The pump displaces fluid which creates a low pressure in the suction line. Atmospheric pressure then acts apon the surface on the fluid in the tank and forces it into the suction line to balance to atmospheric pressure.
A squeeze bulb just like any other diaphragm pump, relys on atmospheric pressure to force liquid into it to regain its full shape but if too much pressure is lost due to resistance in the suction line, the atmosphere will crush the squeeze bulb until atmospheric pressure can fill the bulb assisted by the ever so slightly low pressure created by the bulb trying to return to it's original shape.
Basically the longer the suction line,,, the higher the losses,, one of the reason why suction lines are usually larger in diameter.
Just to clarify, engine operated diaphragm lift pumps usually have a spring that helps the diaphragm maintain a lower than atmospheric pressure whilst it return's it to shape.
My primer bulb has gone really soft (opposite of what petrol does - hardens).

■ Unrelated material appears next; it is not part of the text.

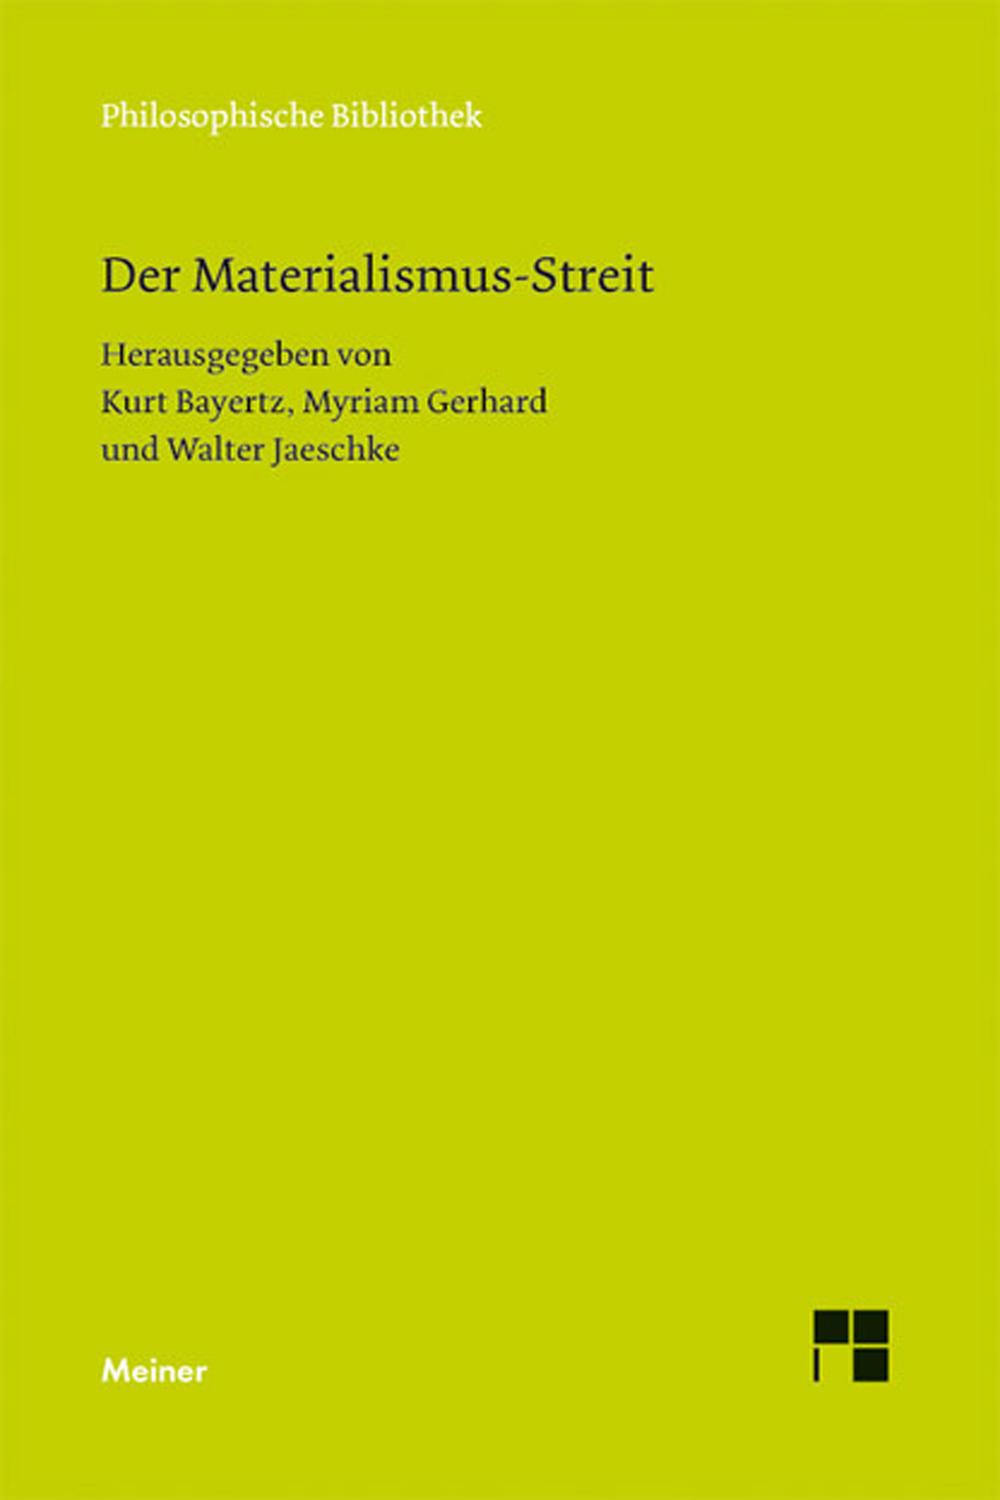 Der Materialismus-Streit - Kurt Bayertz, Myriam Gerhard, Walter Jaeschke

Too soft for comfort, nearly mushy soft.
I know diesel oil can be aggressive in it's own way. I know I can use another petrol bulb and replace when it goes off but I'd rather not; who knows when it may release tiny particles into my injectors.
So looking for a replacement - preferably a brand of primer bulb that is manufactured to handle diesel. There are diesel outboard motors around so you would think they would need purpose made primer bulbs. Any ideas?
why not change to a pump and filter like this ?
www.ebay.com.au/itm/For-Toyota-Landcruiser-HZJ70-HZJ75-Series-Primer-Pump-and-Fuel-Filter-Ryco/313063557444

Having replaced my engine about 18months ago now with a Beta 10 can I ask is it the norm to turn off the diesel at the tap after use or leave the tap on allways. I have tended to leave it on to avoid the issues of air blocks in the line as I think I was told its a pain to bleed them. I have a substantial fuel tap install and well secured so unlikely to burst however I do understand nothing is 100% guaranteed.
Having replaced my engine about 18months ago now with a Beta 10 can I ask is it the norm to turn off the diesel at the tap after use or leave the tap on allways. I have tended to leave it on to avoid the issues of air blocks in the line as I think I was told its a pain to bleed them. I have a substantial fuel tap install and well secured so unlikely to burst however I do understand nothing is 100% guaranteed.
I leave fuel always on.
When priming a pump ......Basically the longer the suction line,,, the higher the losses,, one of the reason why suction lines are usually larger in diameter.
Thanks Jolene, good elucidation.
Your latter point about suction line length vs resistance may also be a good reason to have the primer bulb as close to the tank as possible. Learn something every day.
why not change to a pump and filter like this ?
Thanks Harb, nice idea, fewer parts, fewer junctions, fewer leaks. Though not clear whether, for that style of filter, you can see and then drain residual water.
Having replaced my engine about 18months ago now with a Beta 10 can I ask is it the norm to turn off the diesel at the tap after use or leave the tap on allways. I have tended to leave it on to avoid the issues of air blocks in the line as I think I was told its a pain to bleed them. I have a substantial fuel tap install and well secured so unlikely to burst however I do understand nothing is 100% guaranteed.
MrMac, I would prefer to leave my tap on for precisely that reason - a leak in the system would draw down the fuel in the line and draw air in, so you might have to bleed the system every time you'd turn it on. For me, bleeding is awkward because I'd have to remove the steps and cowling to get to the engine (my new removable panel could make it much easier). And I'm lazy, and don't like the extra work to turn the engine on.
However, I've got a leak at the tank (different from the leak at the engine), which will empty the fuel tank into the cockpit locker over the course of a week or two. I think I know how to fix it by re-routing the fuel lines. Until I do, I'll have to turn off the tap at the tank.
So, if you don't have a leak, leave the tap on. If you do have a leak, fix the leak.